● Data shown:
□ □ □ □ □ □ □
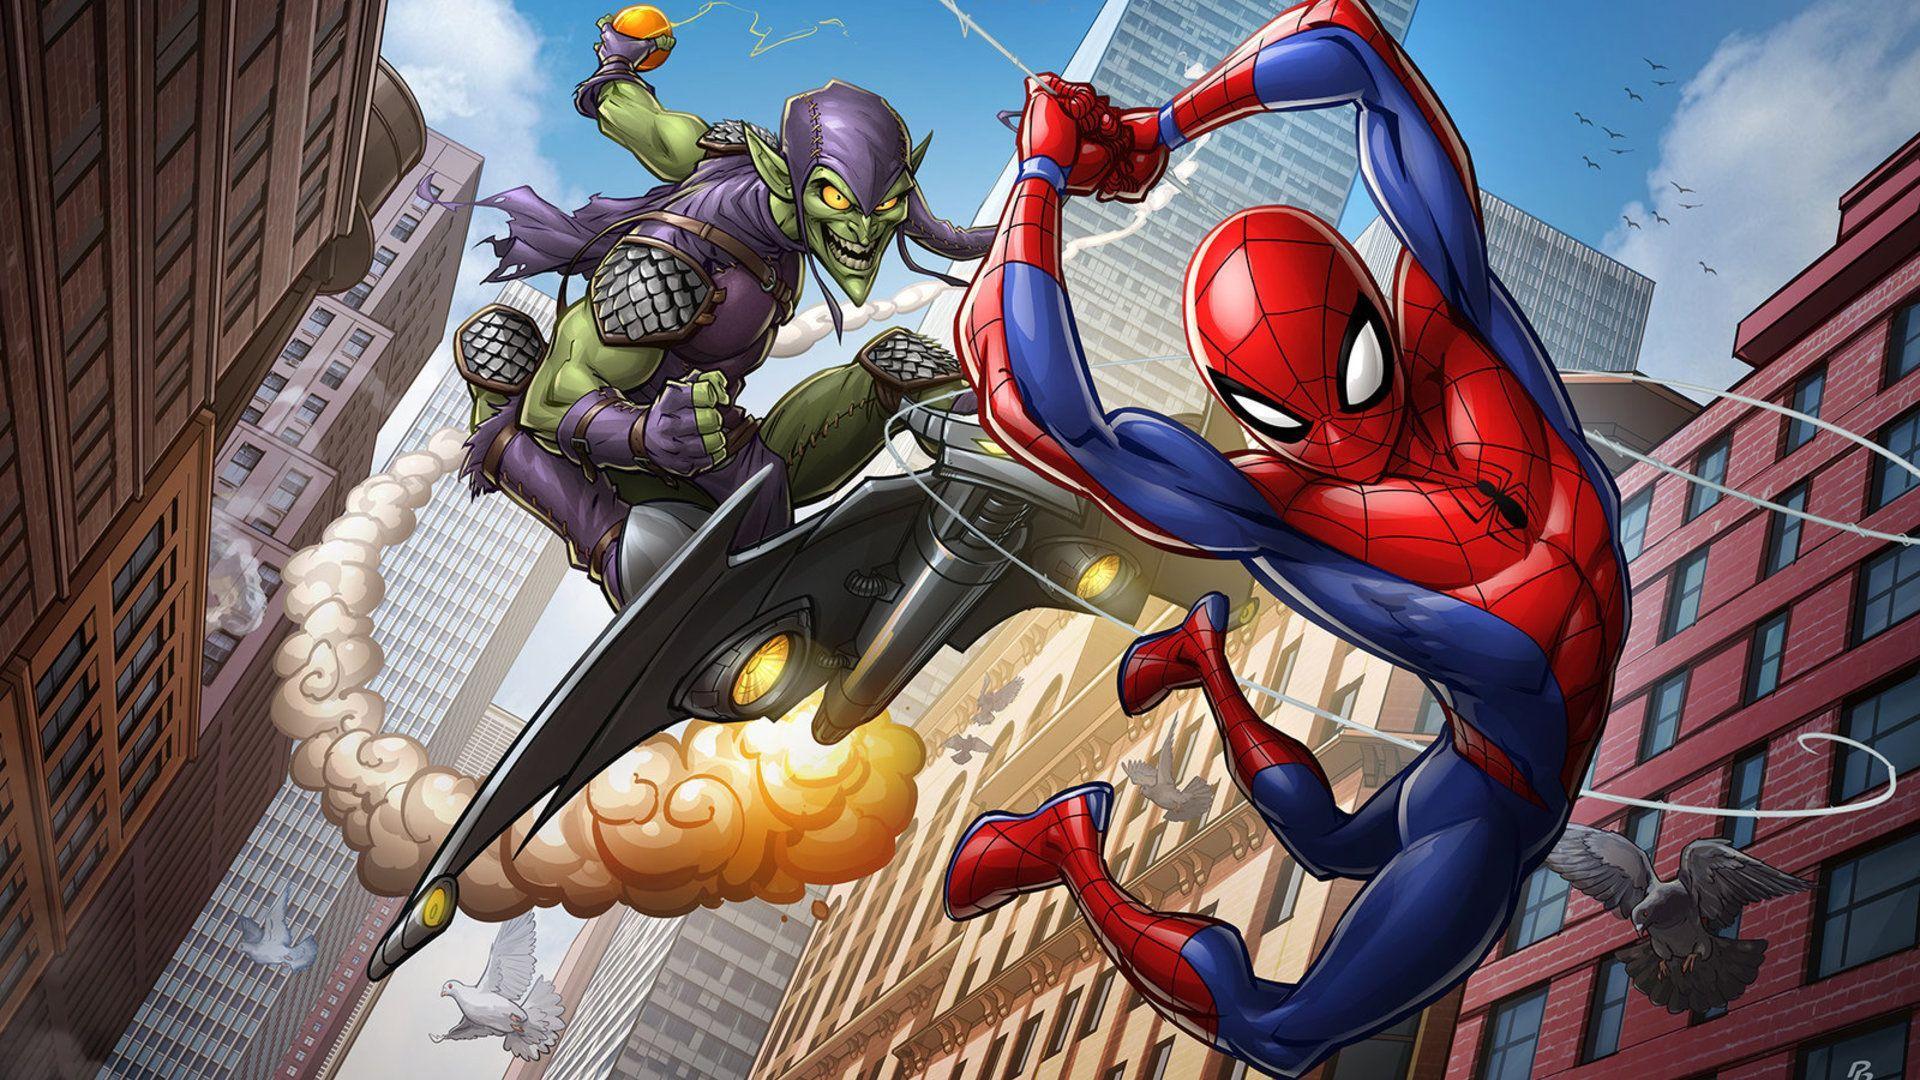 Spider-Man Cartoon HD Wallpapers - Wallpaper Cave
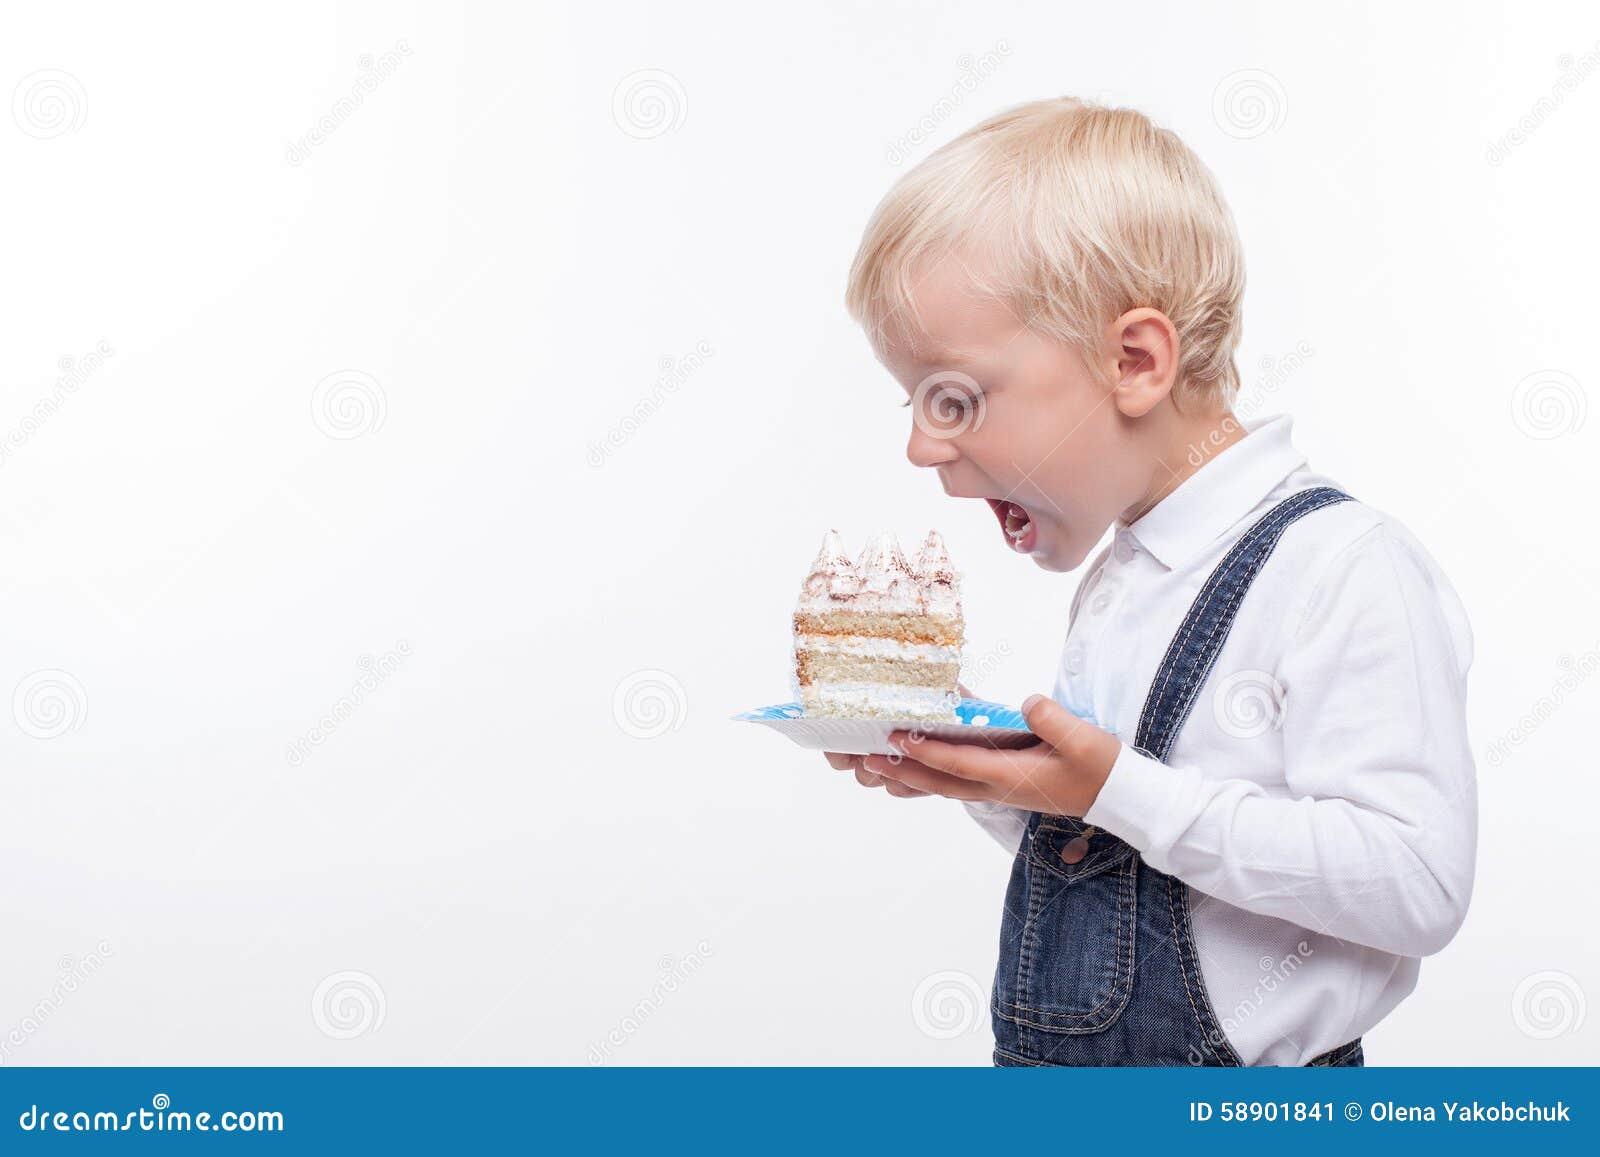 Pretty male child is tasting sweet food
□ □ □ □ □ □ □
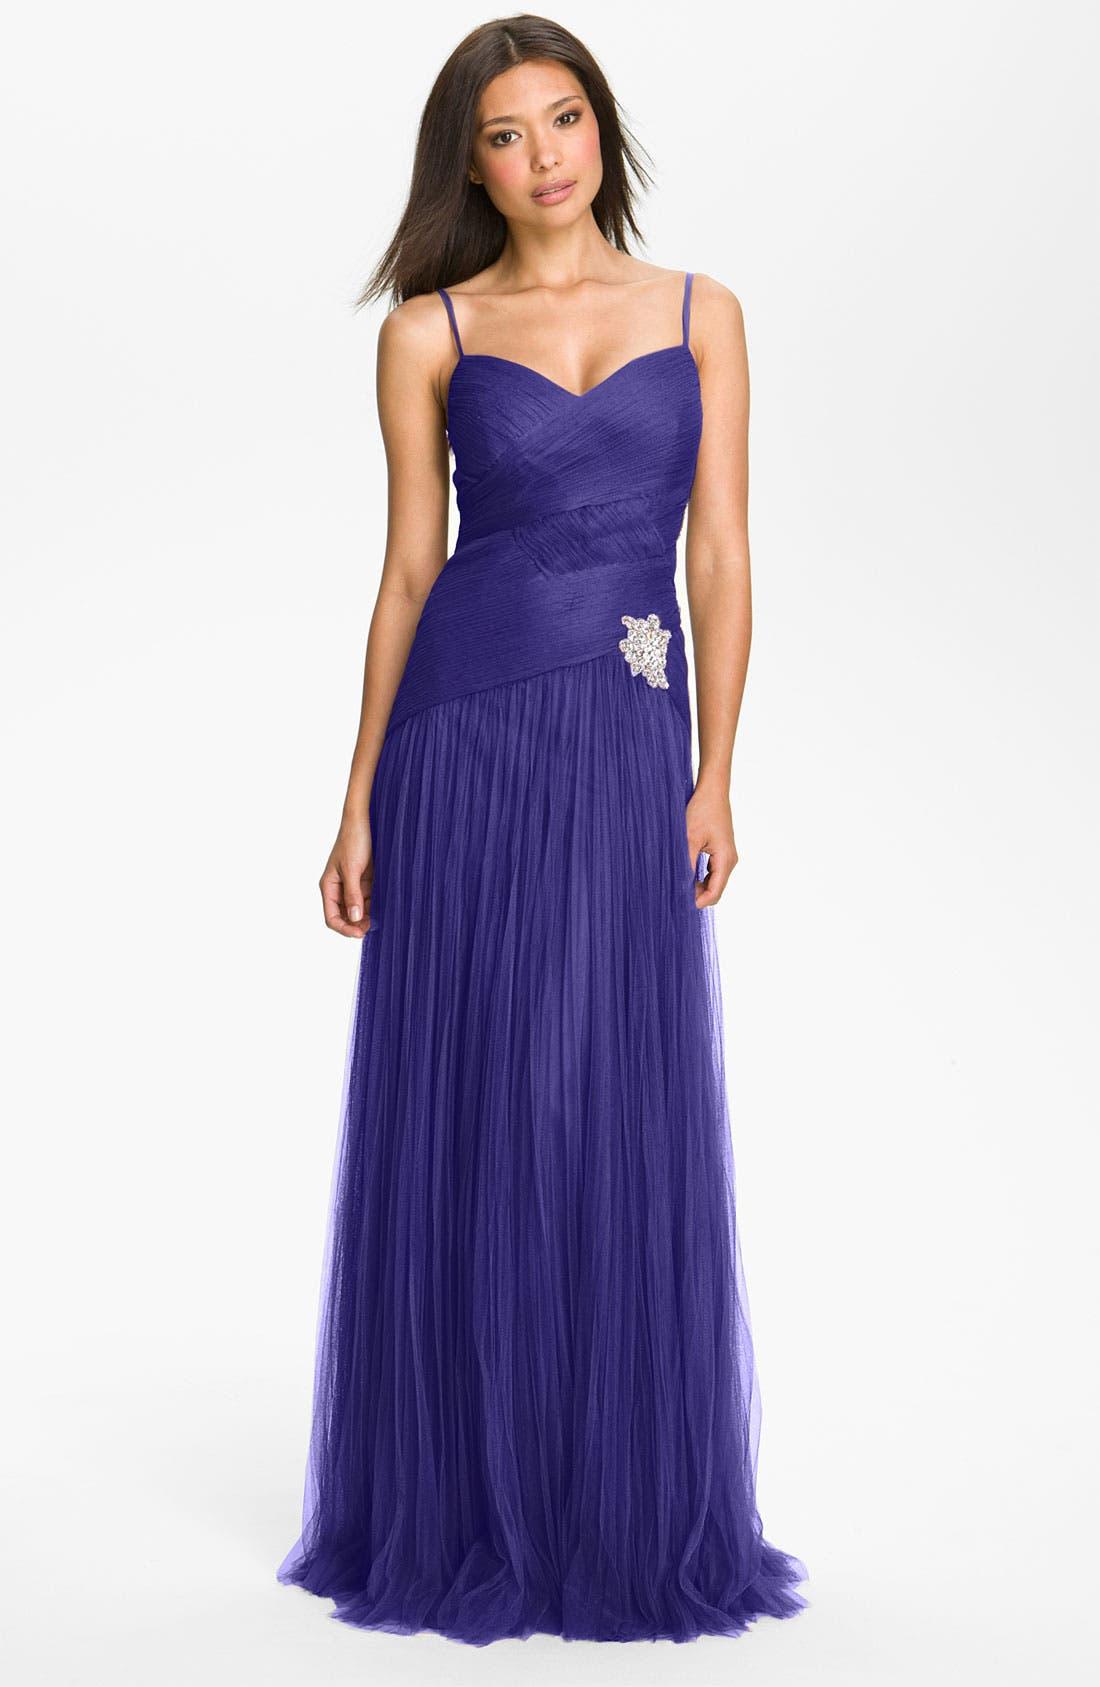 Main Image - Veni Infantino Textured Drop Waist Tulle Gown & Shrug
□ □ □ □ □ □ □
● Directions for this task: Output exactly the lines of the listing above that start with the one holding "Spider-Man Cartoon HD" and go on through the one holding "Pretty male child is tasting sweet food"; leave the pictures out.

● Written answer:
 Spider-Man Cartoon HD Wallpapers - Wallpaper Cave
 Pretty male child is tasting sweet food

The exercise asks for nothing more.